Kristen Stewart shares touching reason she came out on SNL
Kristen Stewart. (Emma McIntyre/Getty Images)
Kristen Stewart has said she came out on Saturday Night Live to “unlock other people’s doors” and make the world a “more open and accepting place”.
The Twilight star came out during the opening monologue in her debut on the US sketch comedy show in 2017 exclaiming “I’m so gay” after joking about President Trump’s previous interest in her relationship with Robert Pattinson. Stewart married Dylan Meyer in 2025.
Speaking to the ABC News Live Prime with Linsey Davis programme this week, the director of The Chronology of Water went into why she chose that moment to publicly address her sexuality.
“It was less about sharing the details of my relationship and more so acknowledging that there are people that don’t get full access to being alive because they’re hiding,” Stewart said. The Spencer star went on to say she’d had people in her life tell her: “Your career would go better if you didn’t go outside holding your girlfriend’s hand,” which was a perspective she didn’t approve of.
“I was like, ‘So you want me to live a partial life? And you want me to uphold and perpetuate and sustain a system that excludes people?’ And I just can’t do that,” she said. The actress and director also claimed it was “very obvious who I was dating” in reference to model Stella Maxwell adding: “I don’t need to caption this for you.”

Well aware of the distinct lack of privacy Hollywood stars have, Stewart also didn’t want to “commodify those details” of her life. “I didn’t want to be part of a comic book,” she continued. “But what I didn’t want to do was hide from the world we live in. I want to define it, I want to make it a more open and accepting place. And so I thought it was necessary for me to [come out] – I was already holding my girlfriend’s hand in public.”
Finally she added: “It felt like a statement that just might unlock other people’s doors.”
Stewart recently said she is unlikely to stay living in the US if Trump follows through with his “terrifying” threats to impose a 100 per cent tariff on films made outside of the US.

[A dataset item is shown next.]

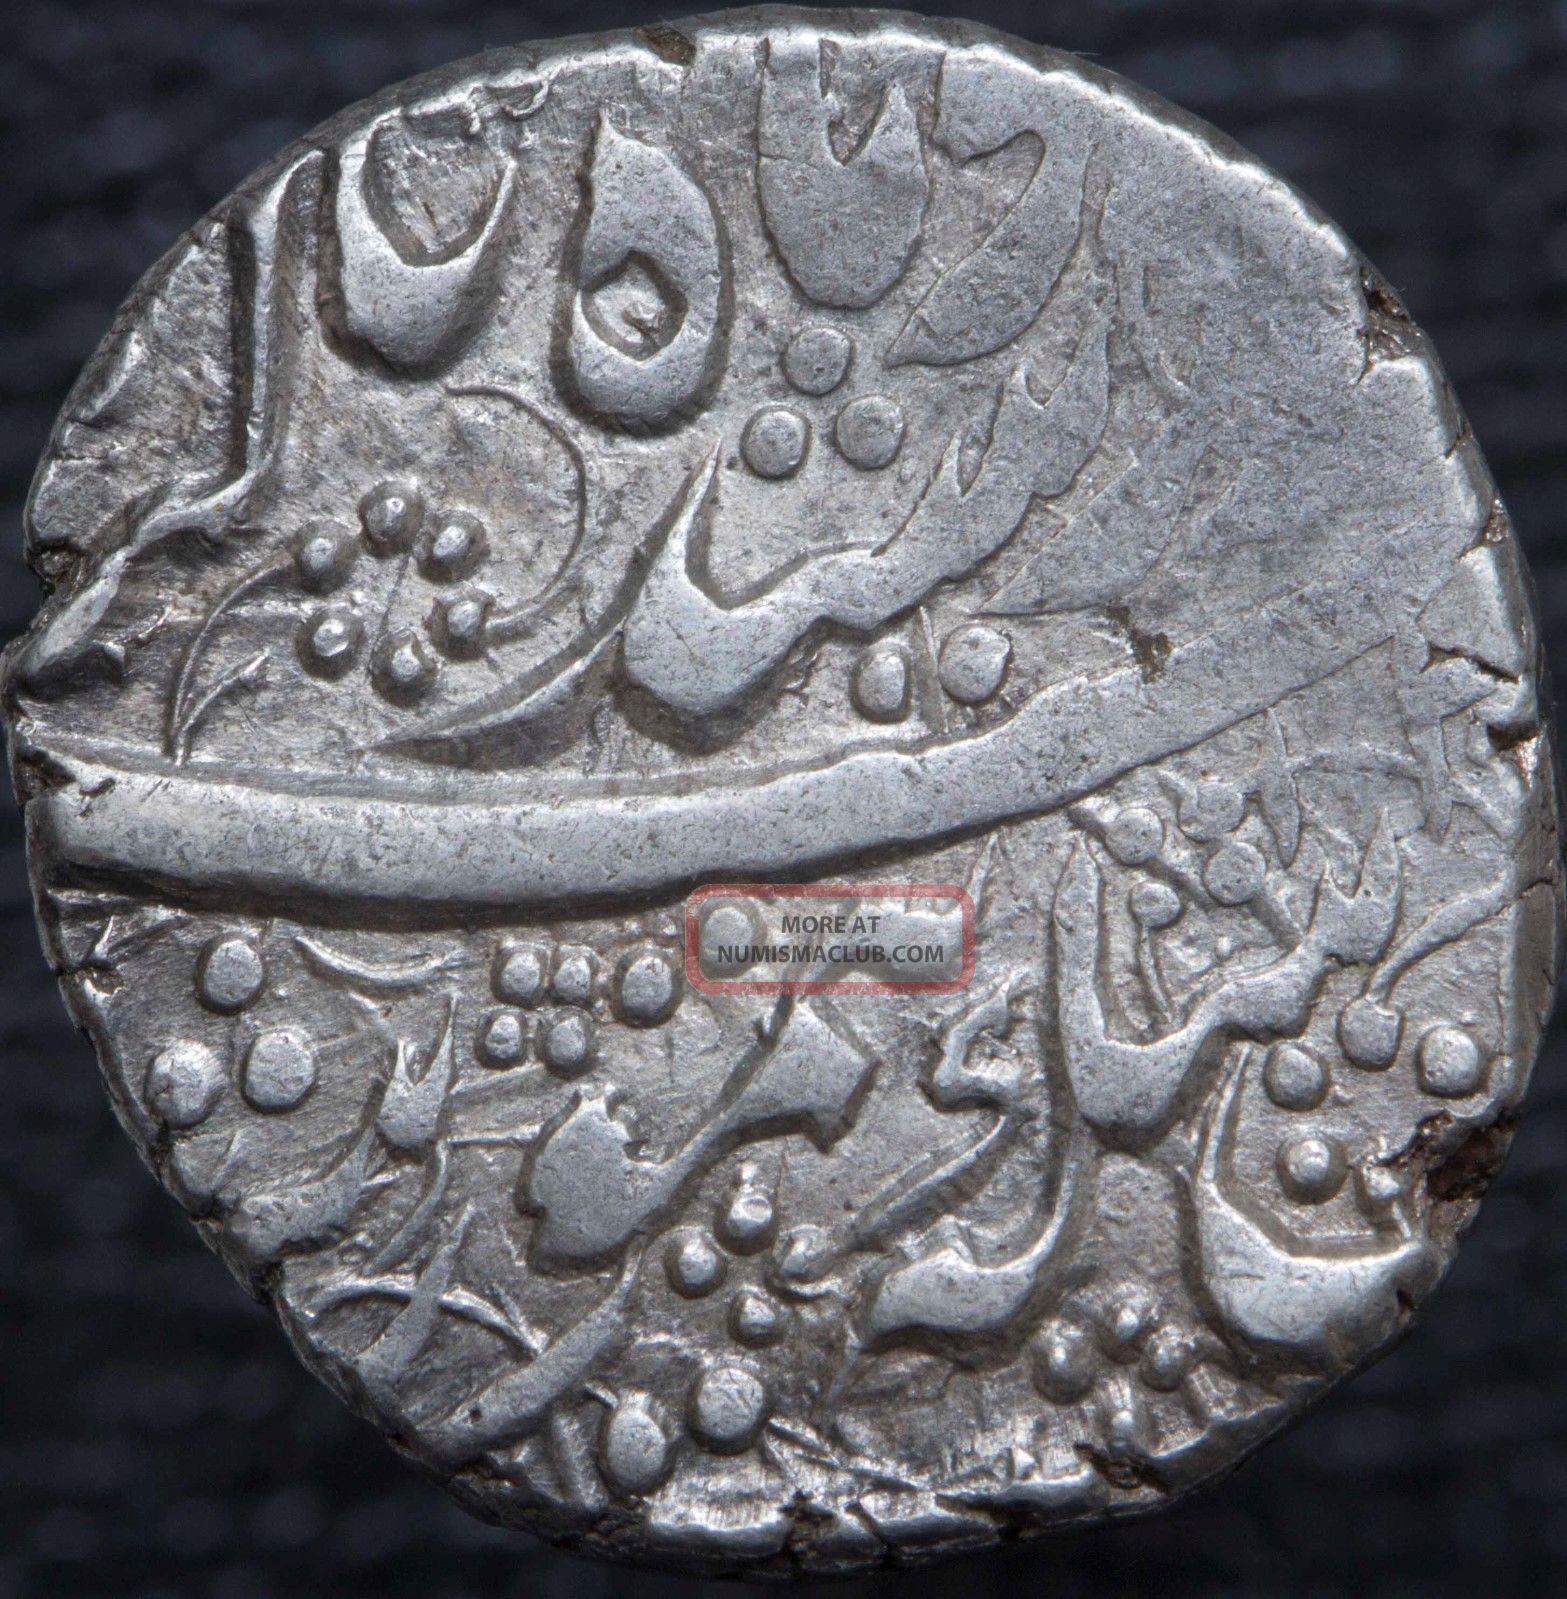 Afghanistan Durrani Taimur Shah 1772 - 1793 Ar Rupee Kabul Ry20 Km 433.  4 Middle East photo
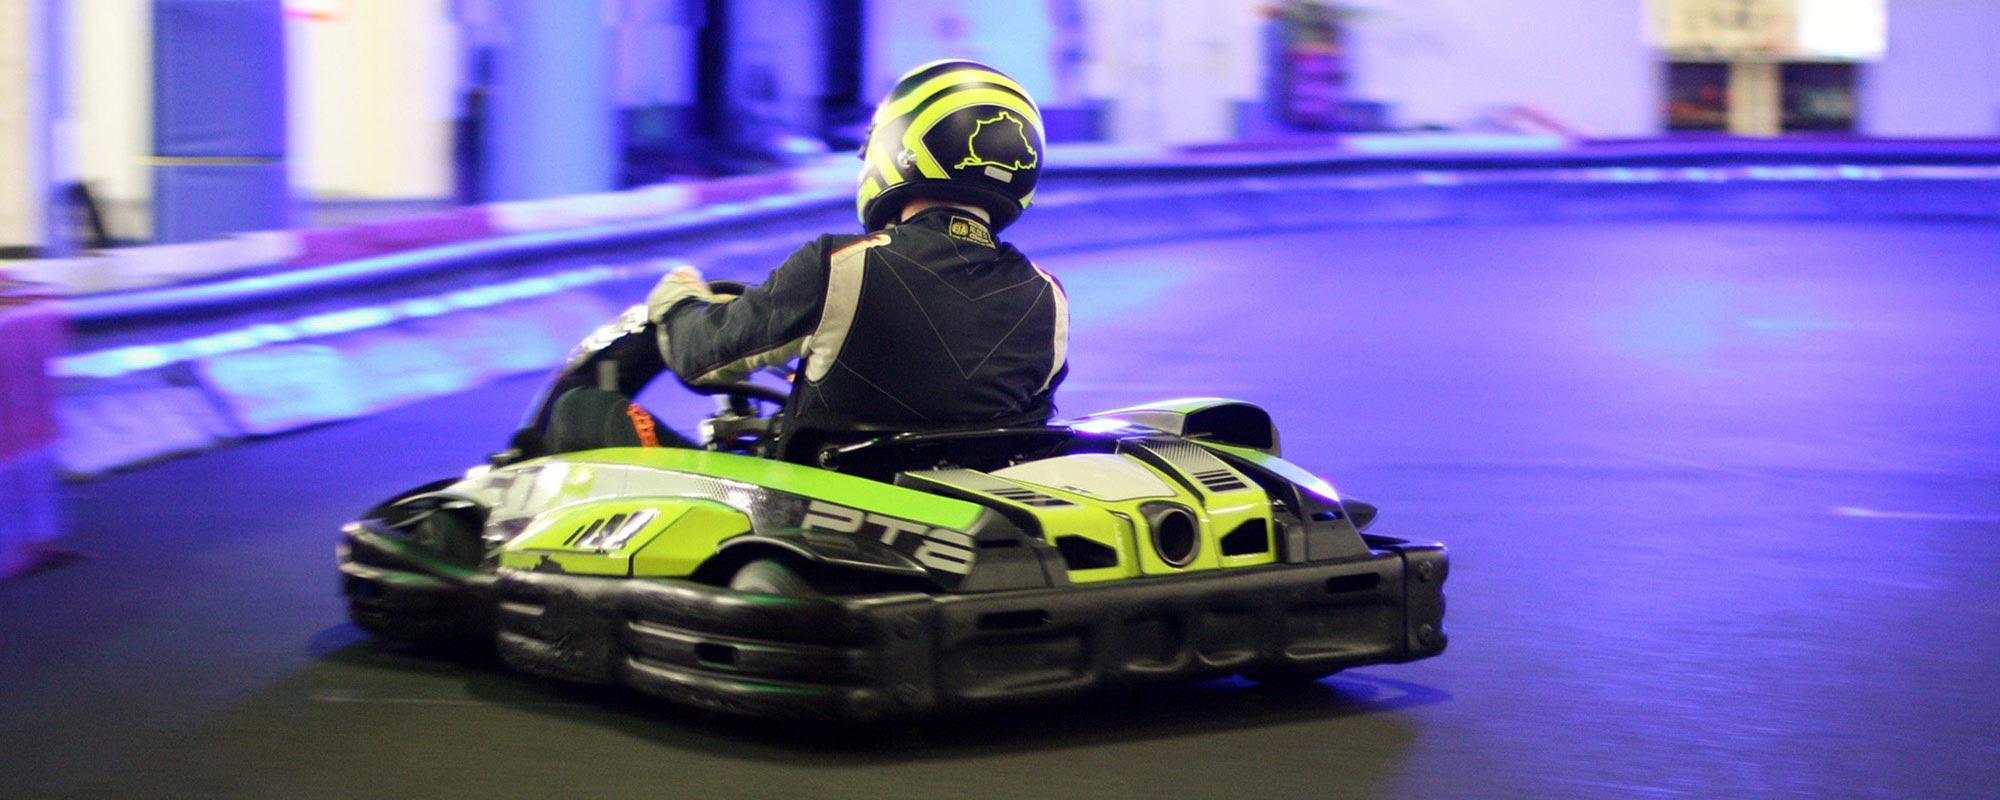 ebafkc-karting-2000x800-12

The Chronology of Water – a biographical drama that follows Olympic hopeful Lidia Yuknavitch who suffered a traumatic childhood – was shot in Latvia.
“I can’t work freely there,” Stewart told The Times. “But I don’t want to give up completely. I’d like to make movies in Europe and then shove them down the throat of the American people.”
The actress, who is bisexual and got married to screenwriter Dylan Meyer in 2025, criticised Trump’s “terrifying” threats to impose a 100 per cent tariff on films made outside of the US.